Below are records with pictures. Reproduce exactly the lines from the line with "10 Reasons to" to the line with "2017-BK-2 CUBA 2017", inclusive, and leave each picture out.

Data shown:
- - - -
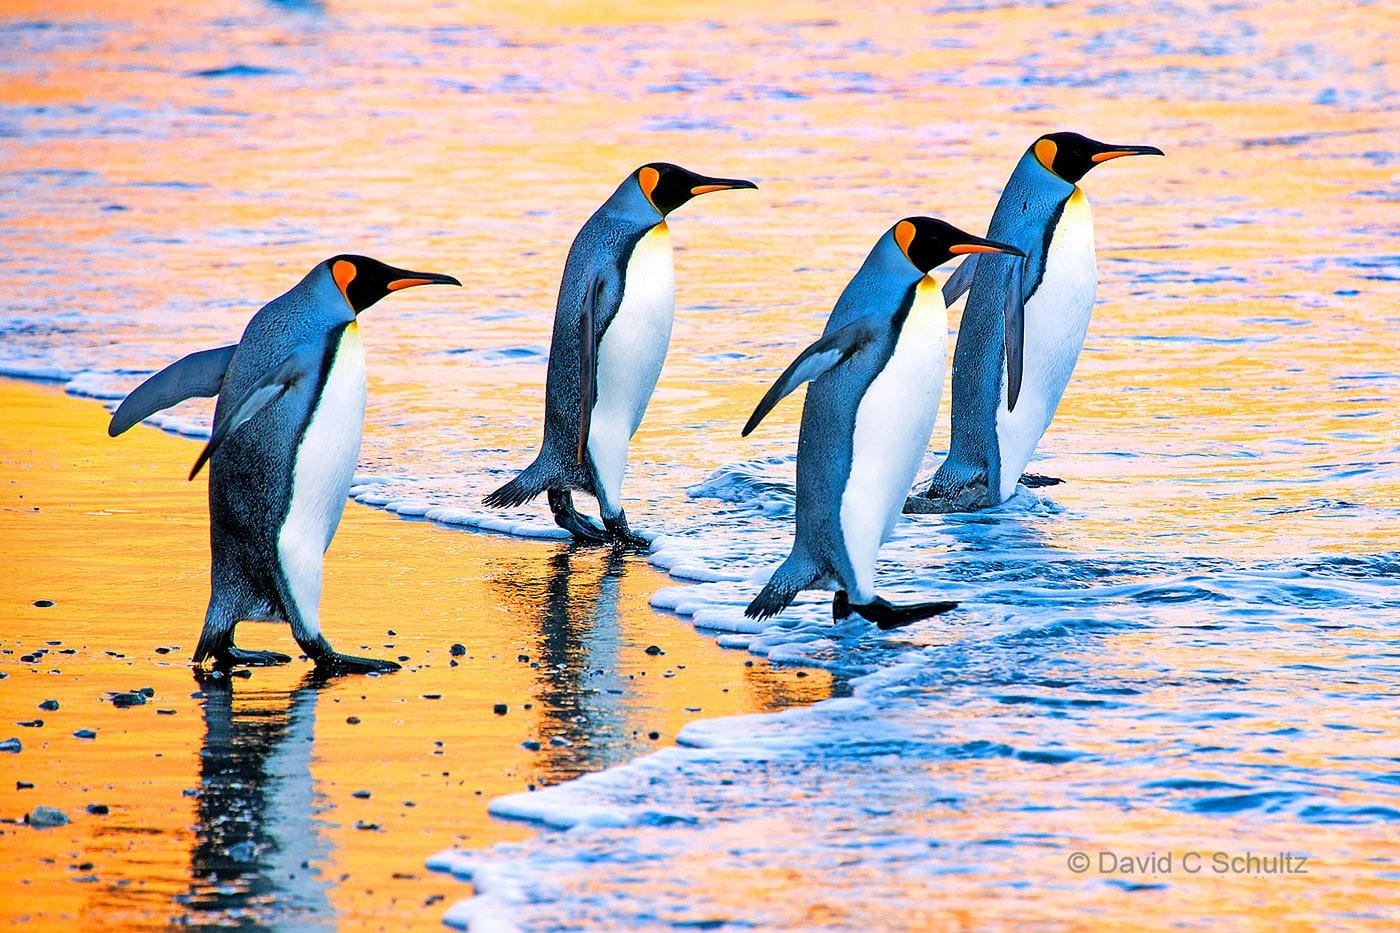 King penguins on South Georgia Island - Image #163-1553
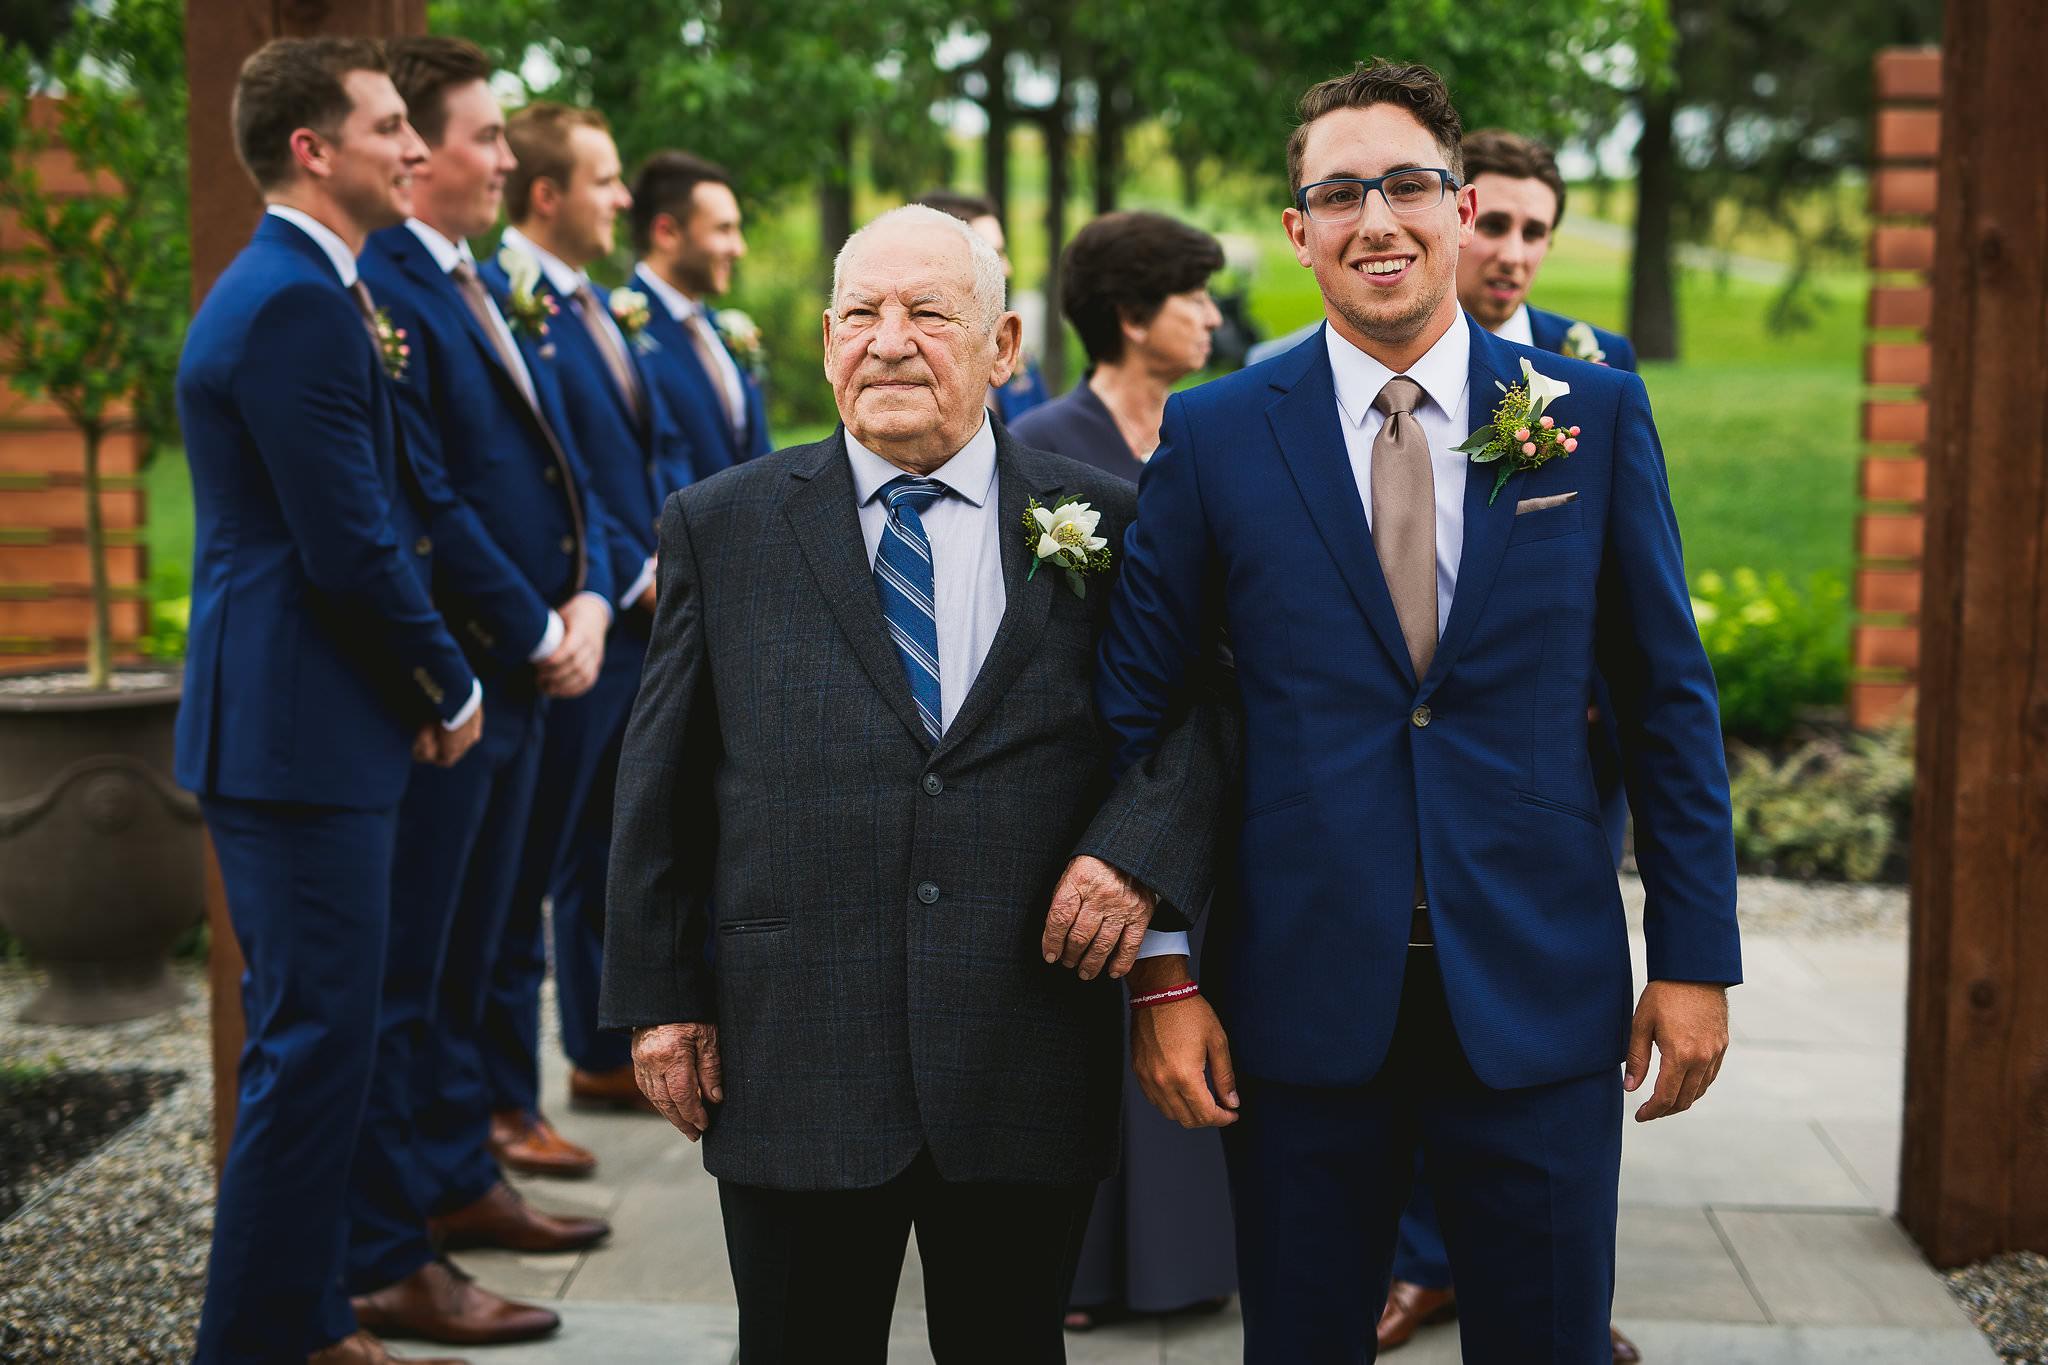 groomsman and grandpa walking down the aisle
- - - -
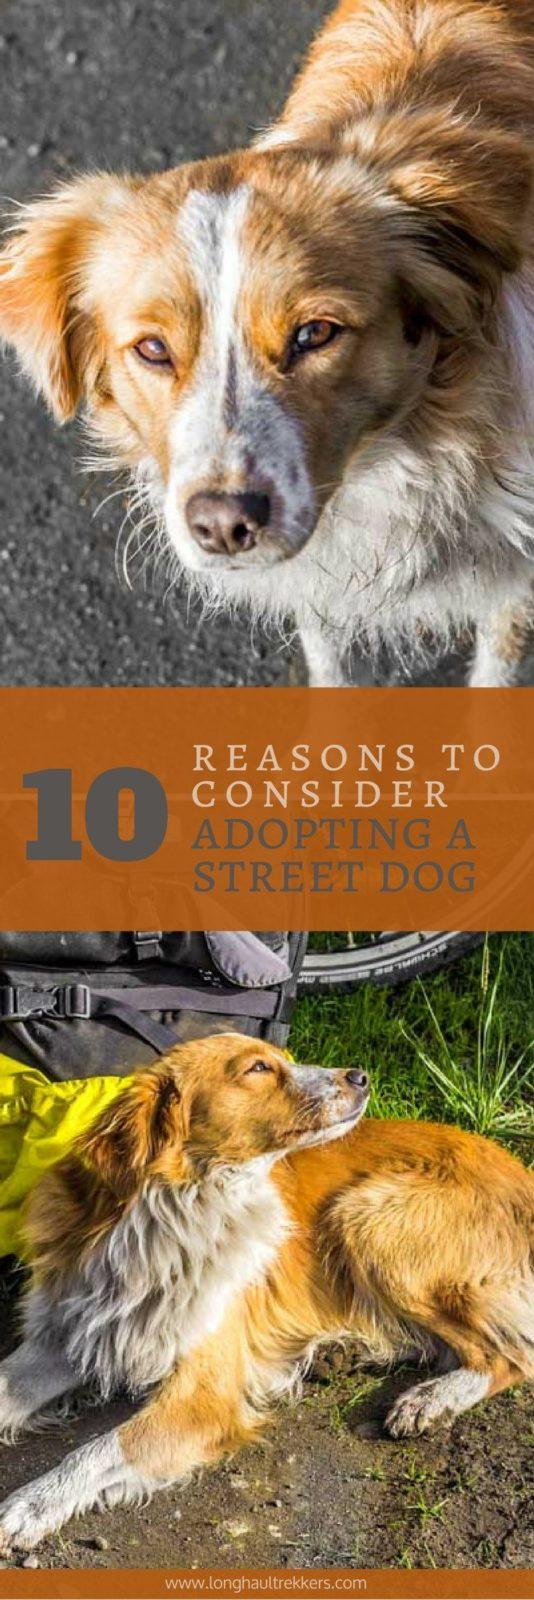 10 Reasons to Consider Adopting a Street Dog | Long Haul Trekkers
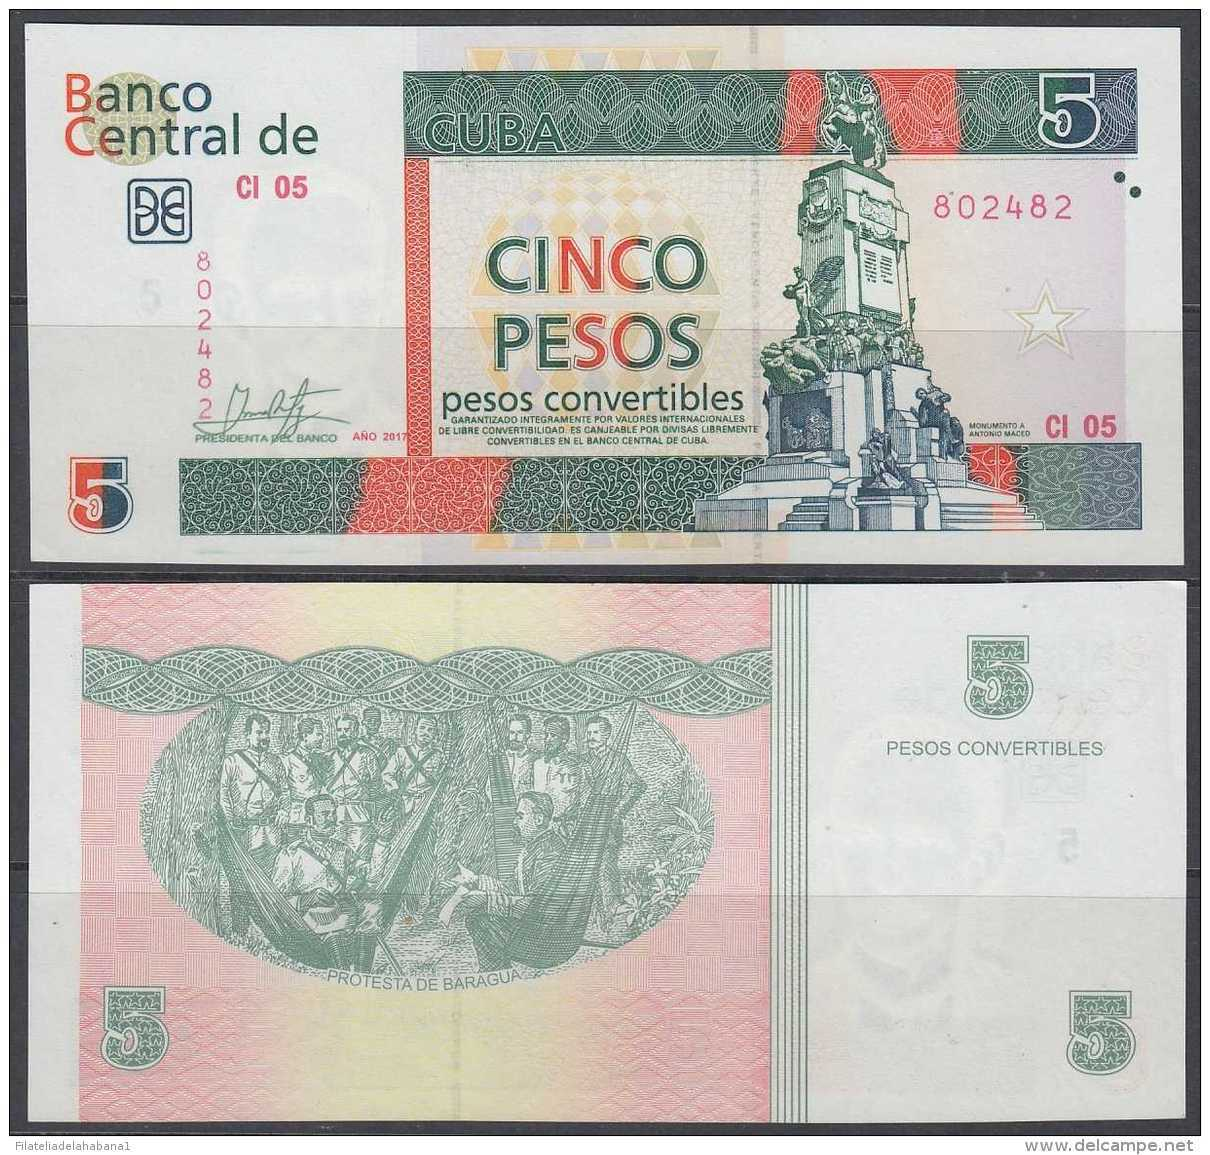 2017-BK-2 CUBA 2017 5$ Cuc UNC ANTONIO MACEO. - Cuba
- - - -
The answer:
 10 Reasons to Consider Adopting a Street Dog | Long Haul Trekkers
 2017-BK-2 CUBA 2017 5$ Cuc UNC ANTONIO MACEO. - Cuba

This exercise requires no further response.